Input data START
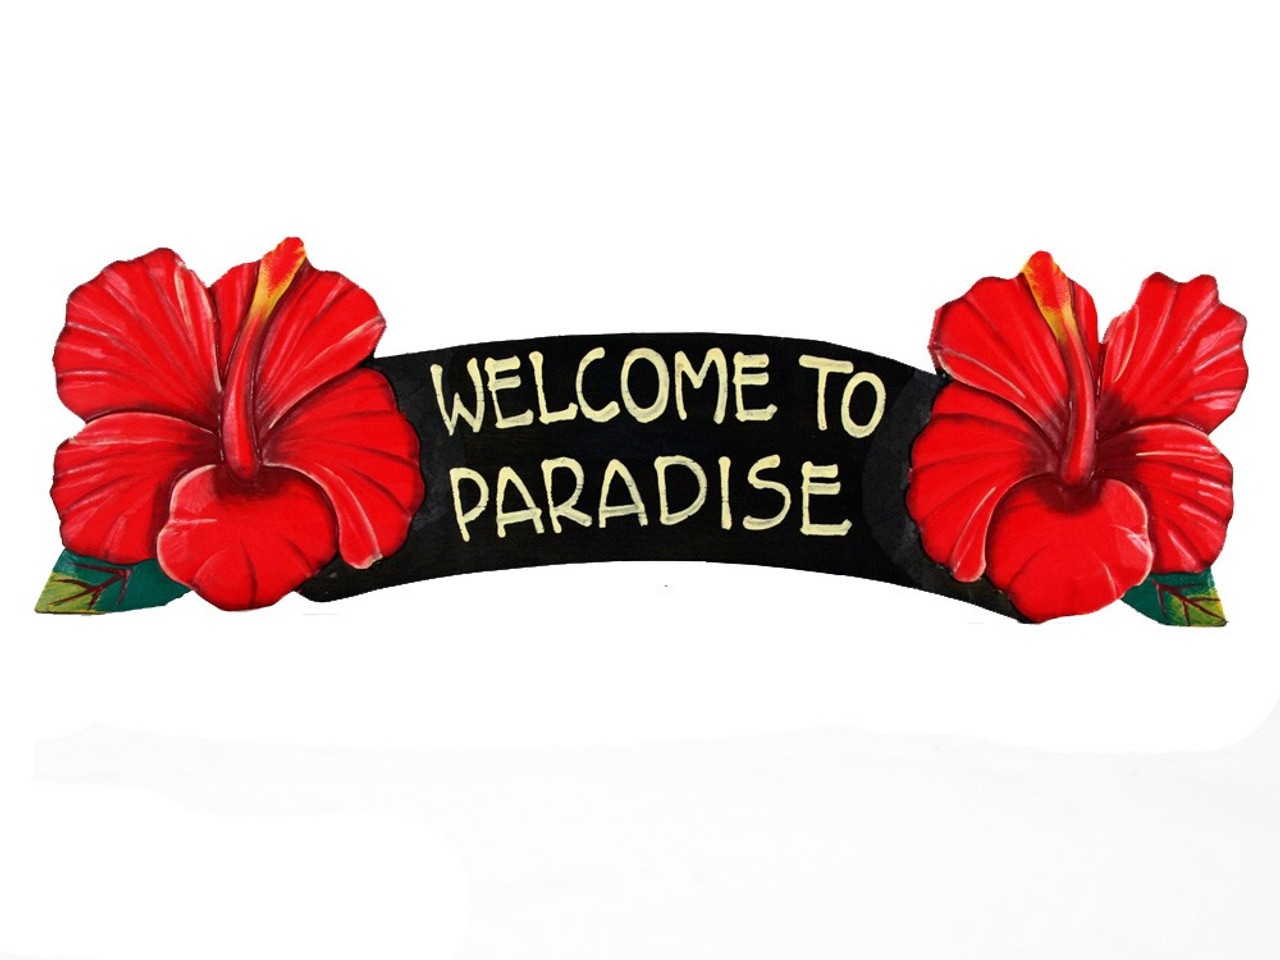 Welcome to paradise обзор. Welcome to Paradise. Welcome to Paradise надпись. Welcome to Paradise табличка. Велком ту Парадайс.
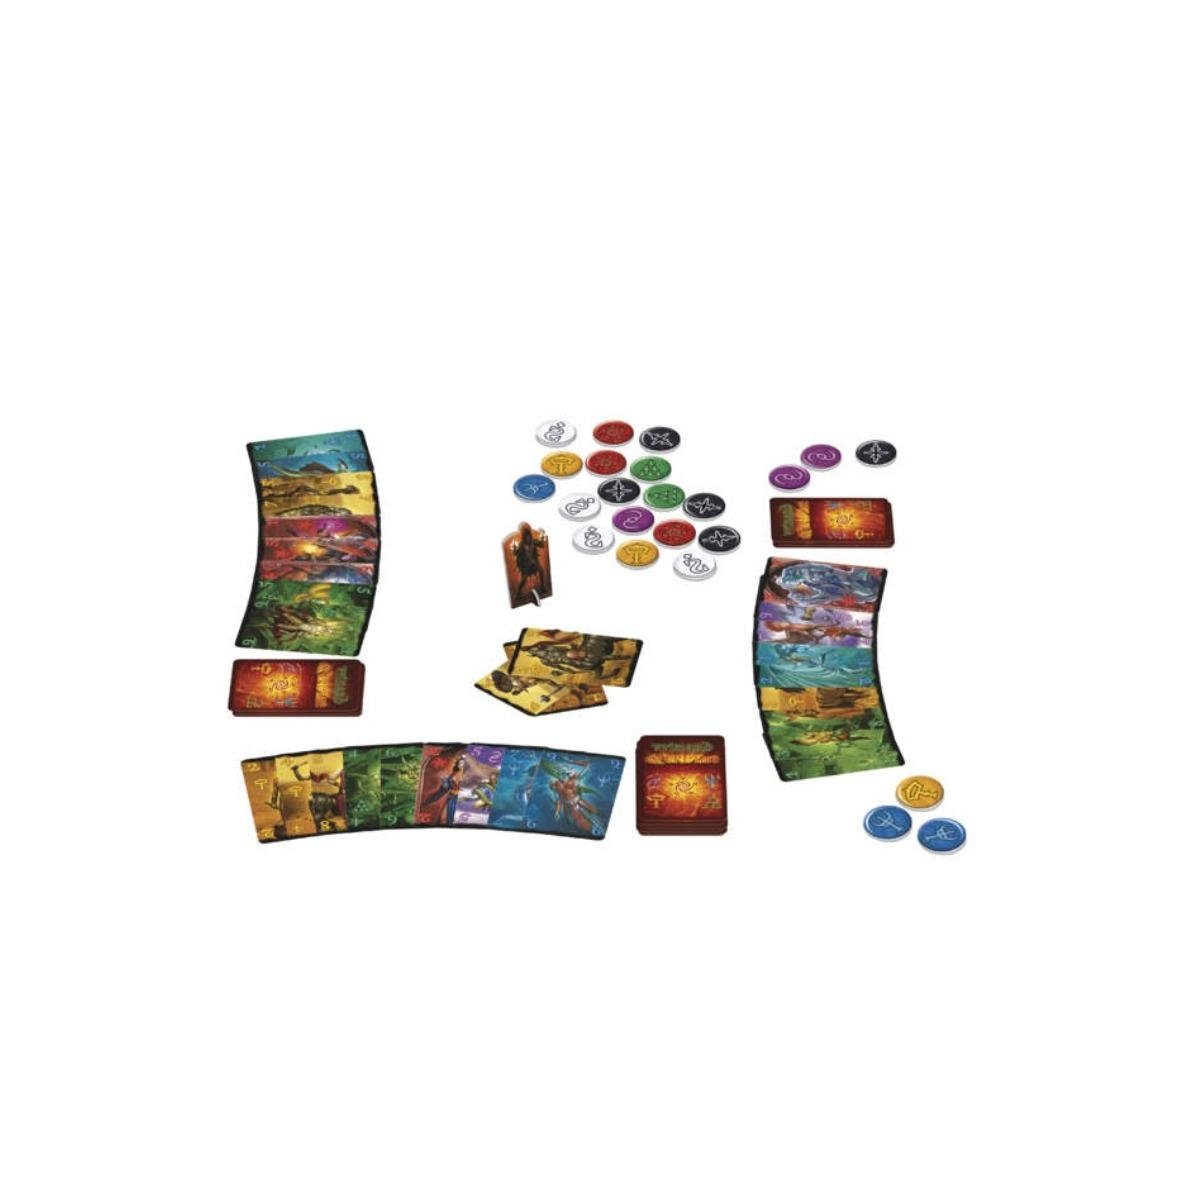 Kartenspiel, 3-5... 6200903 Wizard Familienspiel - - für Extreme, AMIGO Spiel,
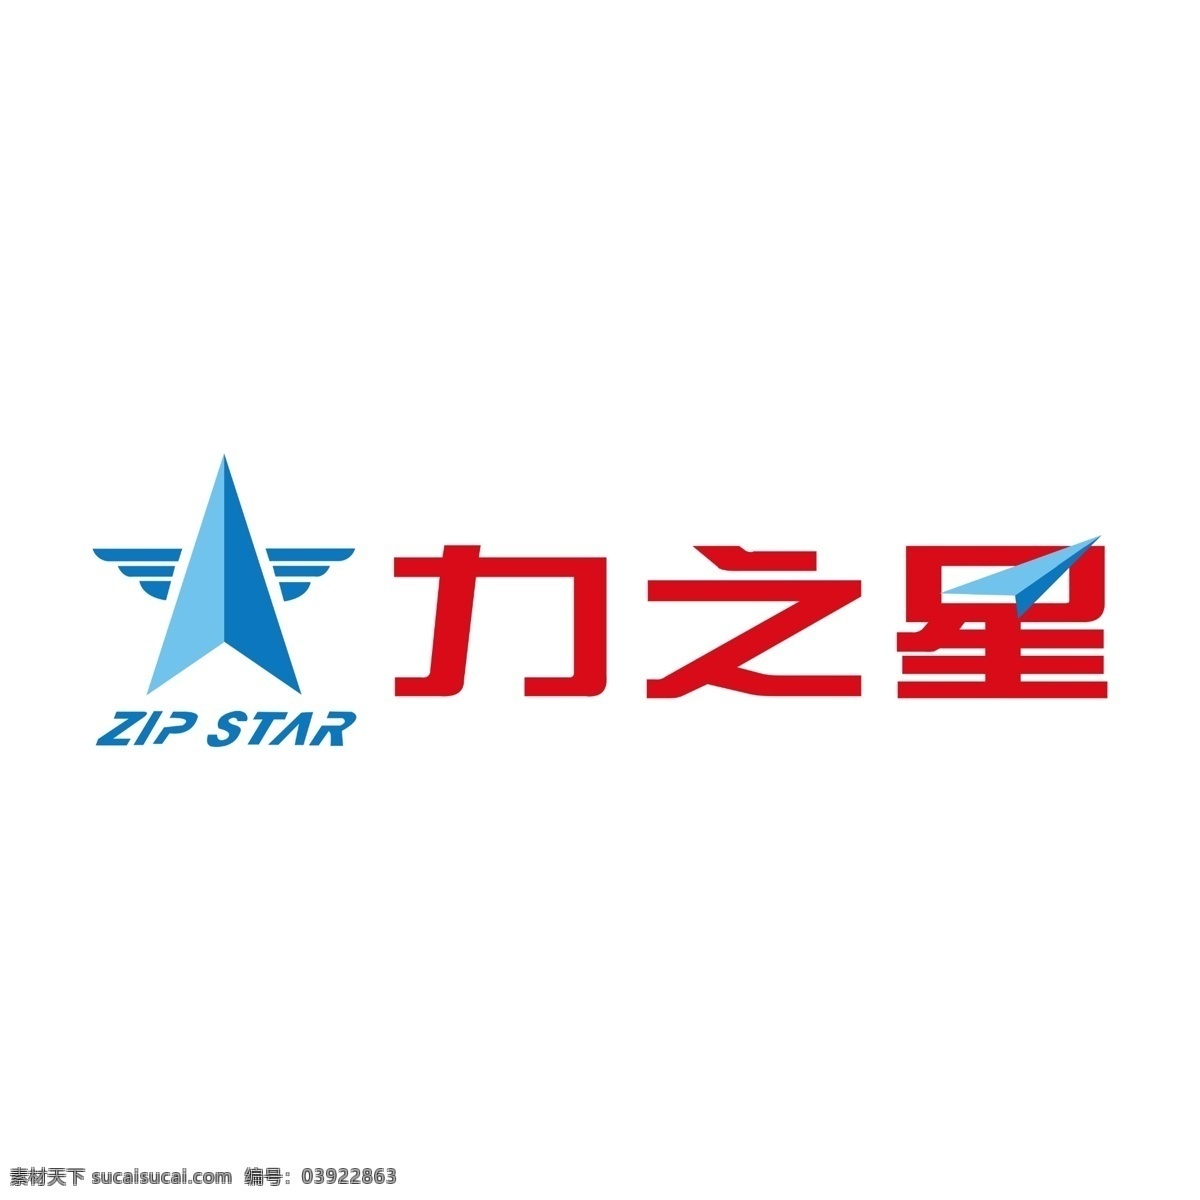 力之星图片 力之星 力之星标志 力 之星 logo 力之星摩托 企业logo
Input data END
§ Exercise brief
Exactly as given, transcribe every line of the data, but not its images.

§ Exercise result
 Welcome to paradise обзор. Welcome to Paradise. Welcome to Paradise надпись. Welcome to Paradise табличка. Велком ту Парадайс.
 Kartenspiel, 3-5... 6200903 Wizard Familienspiel - - für Extreme, AMIGO Spiel,
 力之星图片 力之星 力之星标志 力 之星 logo 力之星摩托 企业logo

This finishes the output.